Post
by Feralidragon » Wed Nov 27, 2019 2:19 am
There's a way to draw something close to that kind of cylinder in-game, without resorting to drawing 1 pixel at a time (which is super heavy on the CPU, since it's not what a CPU is meant to do), or going native, or anything else, and it will work everywhere.
Just create a cylinder mesh, and give it a simple texture so that the edges are rendered as something close to a wireframe.
You can even get creative and not limit it to a wireframe view, and have some gradients instead, or procedural textures, whichever you like.
Then all you have to do is to render it in the canvas in the same position as any other actor.
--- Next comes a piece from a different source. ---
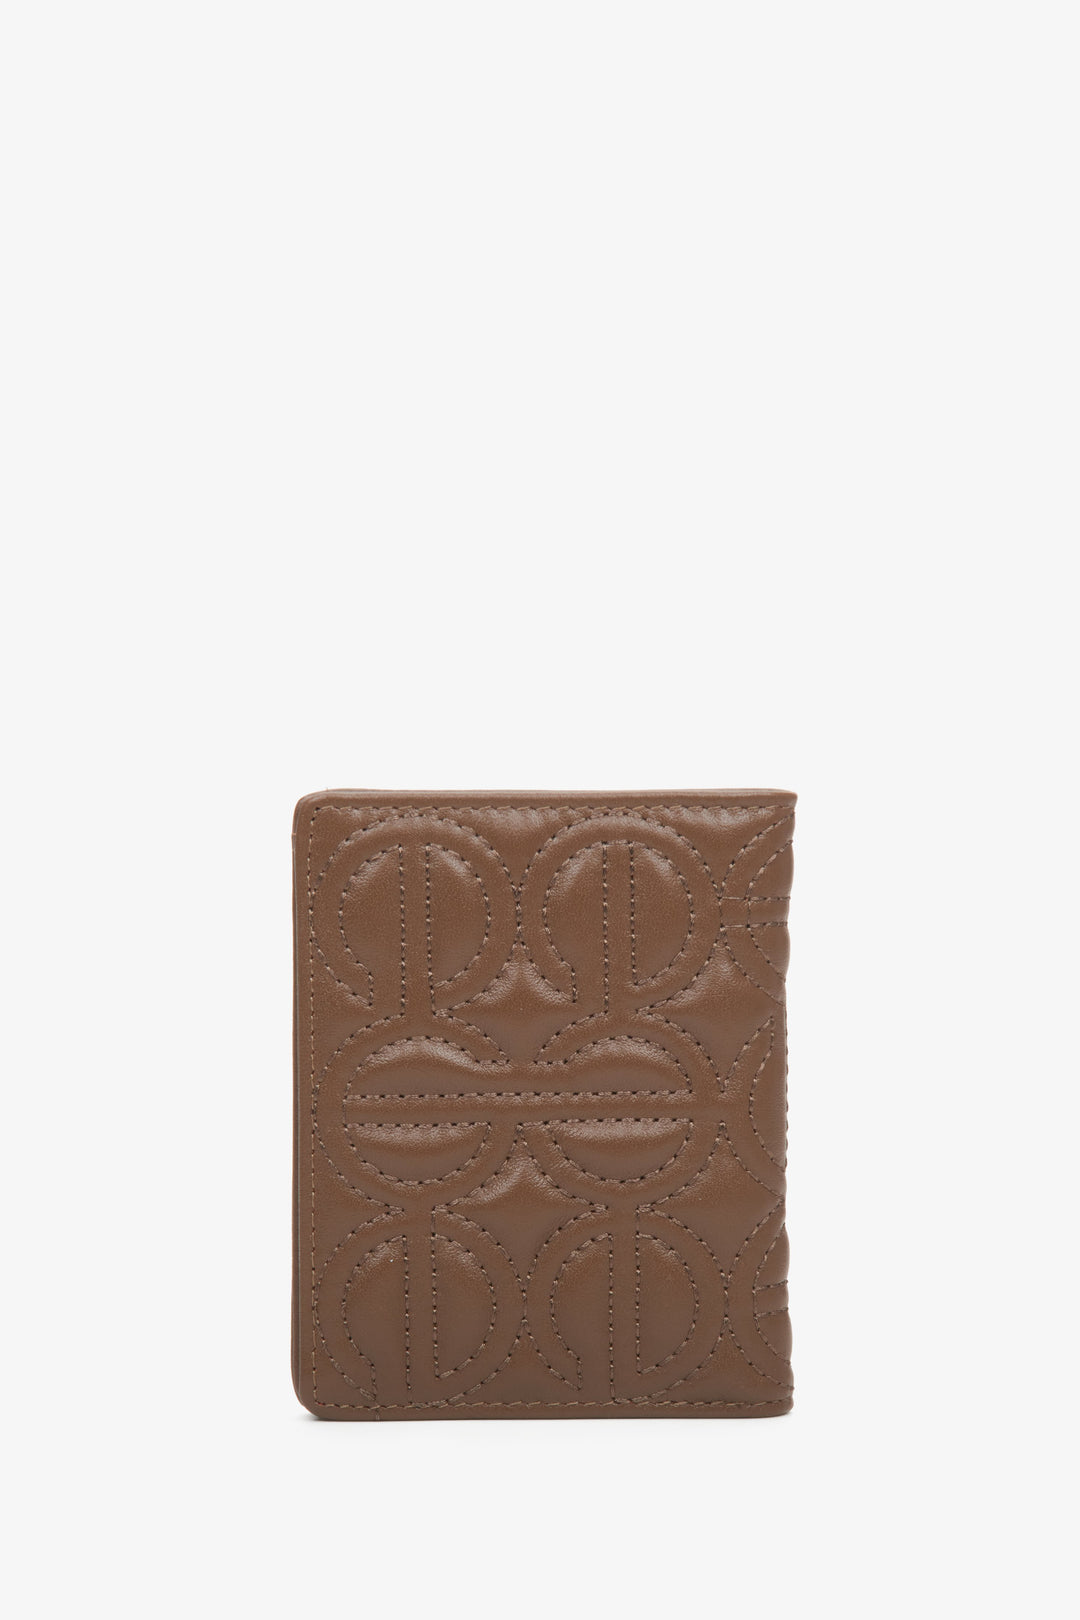 Small women's dark brown card leather wallet by Estro with embossed logo.

From there, since what you want is for the cylinder to reflect what essentially is a given radius and height, which may and will vary independently from one another, and since Drawscale alone doesn't cut it, since you cannot affect different axis differently (to stretch the cylinder), there's a second step to the cylinder mesh creation: make it so that the cylinder is animated, with the first frame where the cylinder bases (circles) are collapsed onto one another, like a thin pancake or a circular sheet, and the second frame with them set apart to a specific value.
By doing the above, in UScript you can then affect the mesh height with AnimFrame (where 0.0 is height=0 and 0.5 is max height) and the radius with Drawscale, although the calculation of AnimFrame will need to take the Drawscale into account (so you calculate the Drawscale directly from the radius, then you calculate AnimFrame using the given height and considering the previously calculated Drawscale).
If you import it as a vertex mesh, you're limited to the bounding box of the mesh itself, meaning that the max height would be 256uu at most, but this limitation is only applied to the source mesh file (*_d.3d), and in the import directives you may set whichever scale you want in whichever axis you want, independently, and so here you can set the Z axis to 2000x or so (a ludicrously high value) to ensure that the max height is enough to always work within the maximum map area (the max distance from any one point to another within the mapping area is about 113.511uu, so by setting the Z scale to 1000x for a 256uu mesh, you get a mesh 128.000uu long [not 256.000uu since the Z axis needs to be doubled, due to one less bit used in the Z-axis], which is enough to cover all possible heights to render).
Using the same exact principle, you can create 3D lines instead, and then render them together however you want.
This is essentially how in my gore mode, things like guts and such, are able to stretch and compress and look more "gooey", they're just cylinders using a mix of Drawscale and AnimFrame to scale the mesh in 2 different sets of axis independently.